=== Input data ===
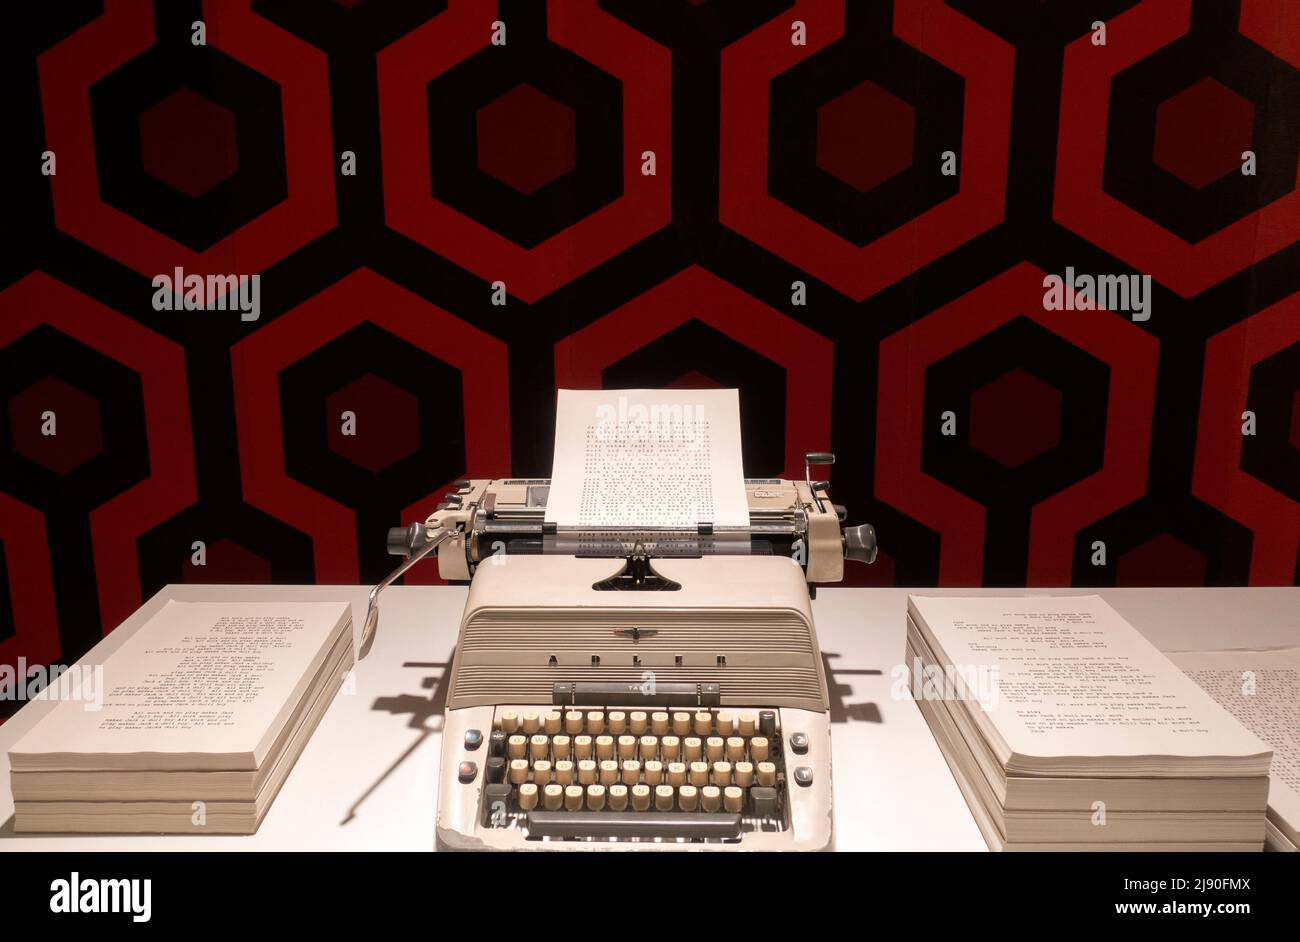 Macchina da scrivere usata nel film “The Shining”.Stanley Kubrick Exhibition.CCCB Museum.Barcelona.Spain Foto Stock
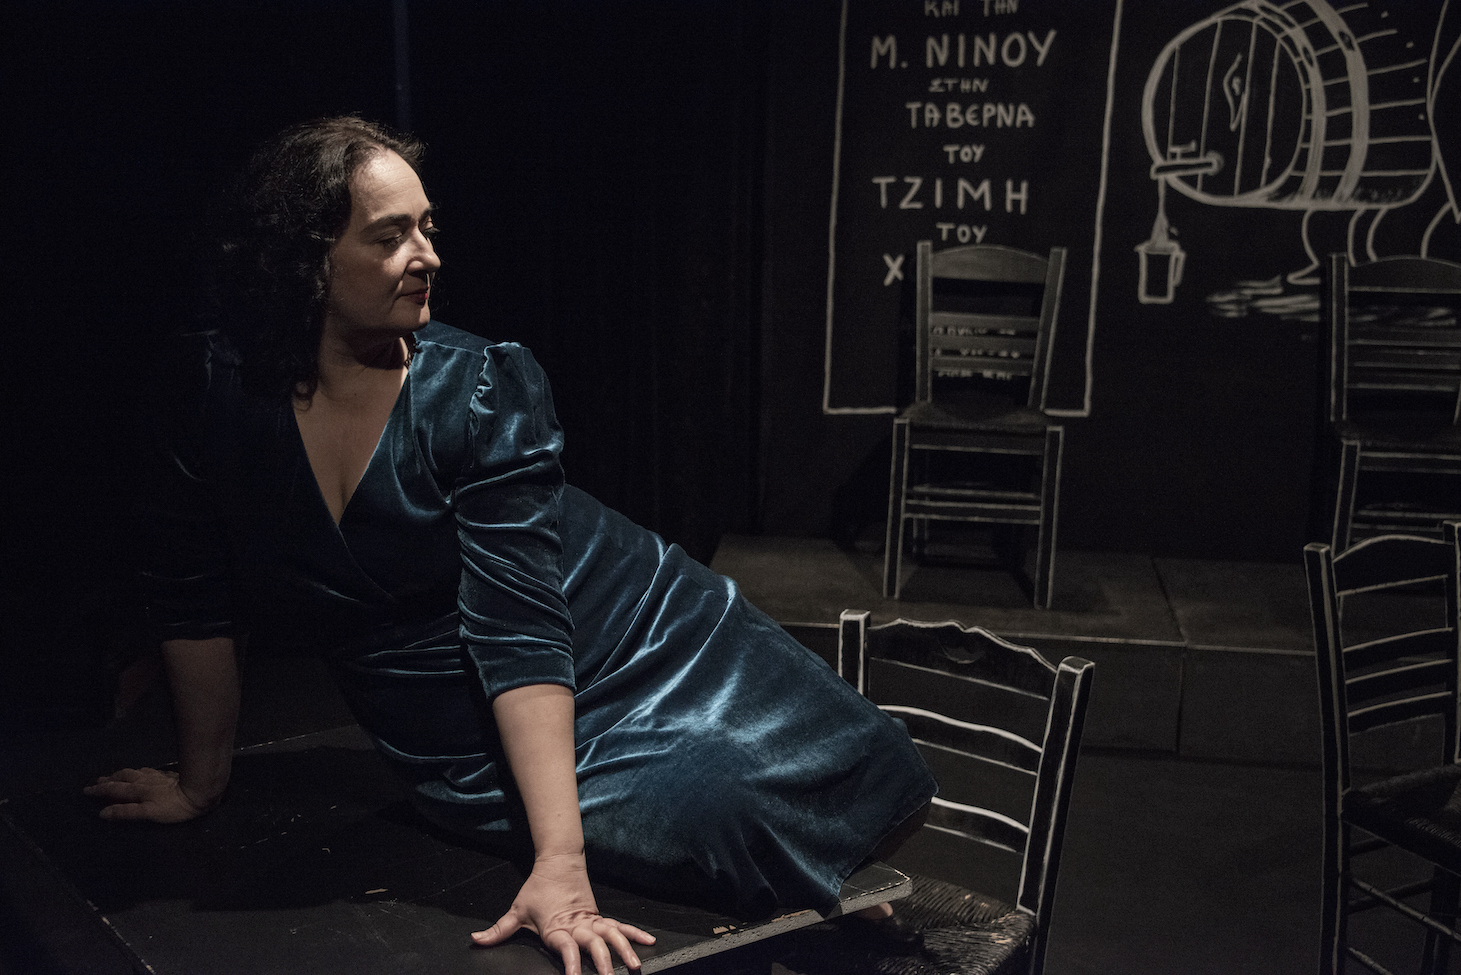 Η Ελένη Ουζουνίδου γίνεται Μαρίκα Νίνου από τον Δεκέμβριο στο θέατρο Εν Αθήναις
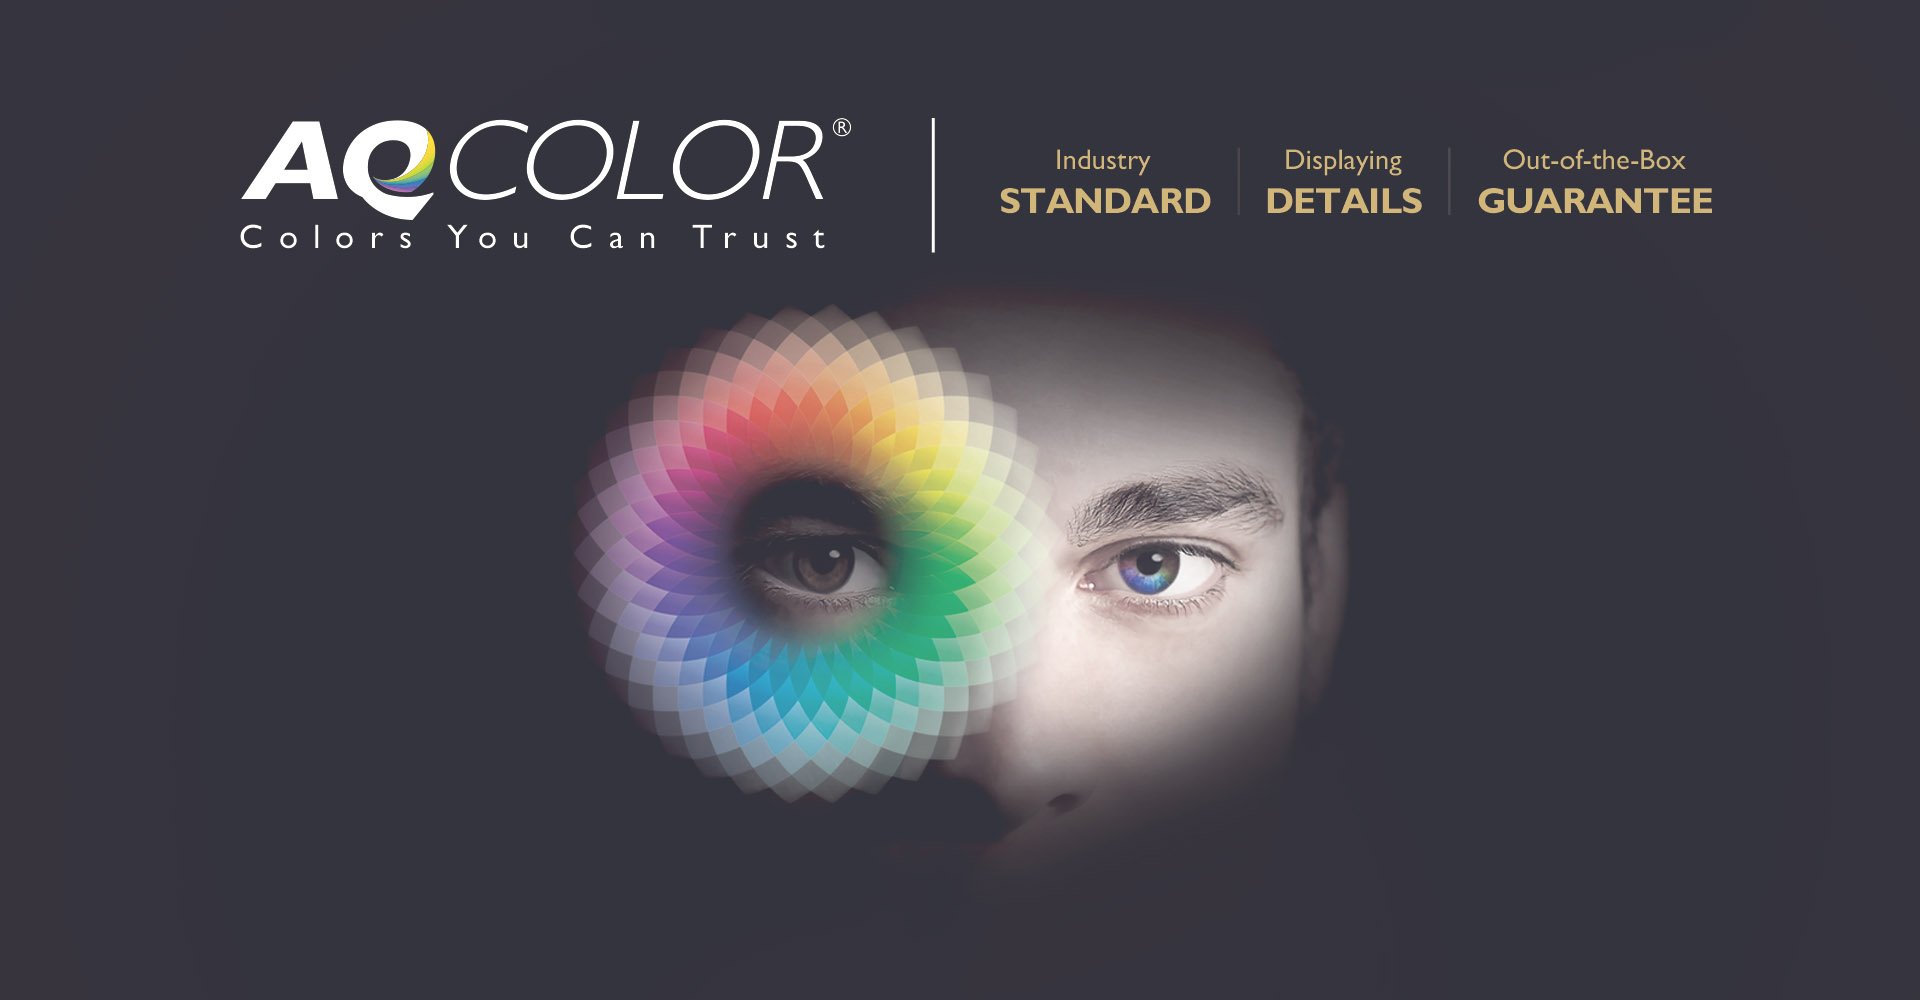 BenQ AQCOLOR-Technologie schafft neue Dimensionen in der Foto- und Videobearbeitung und maximale Farbpräzision für lebensechte Farben.

=== How to complete this task ===
Wherever a picture appears in the data, please drop it and retype the rest exactly.

=== Task answer ===
 Macchina da scrivere usata nel film “The Shining”.Stanley Kubrick Exhibition.CCCB Museum.Barcelona.Spain Foto Stock
 Η Ελένη Ουζουνίδου γίνεται Μαρίκα Νίνου από τον Δεκέμβριο στο θέατρο Εν Αθήναις
 BenQ AQCOLOR-Technologie schafft neue Dimensionen in der Foto- und Videobearbeitung und maximale Farbpräzision für lebensechte Farben.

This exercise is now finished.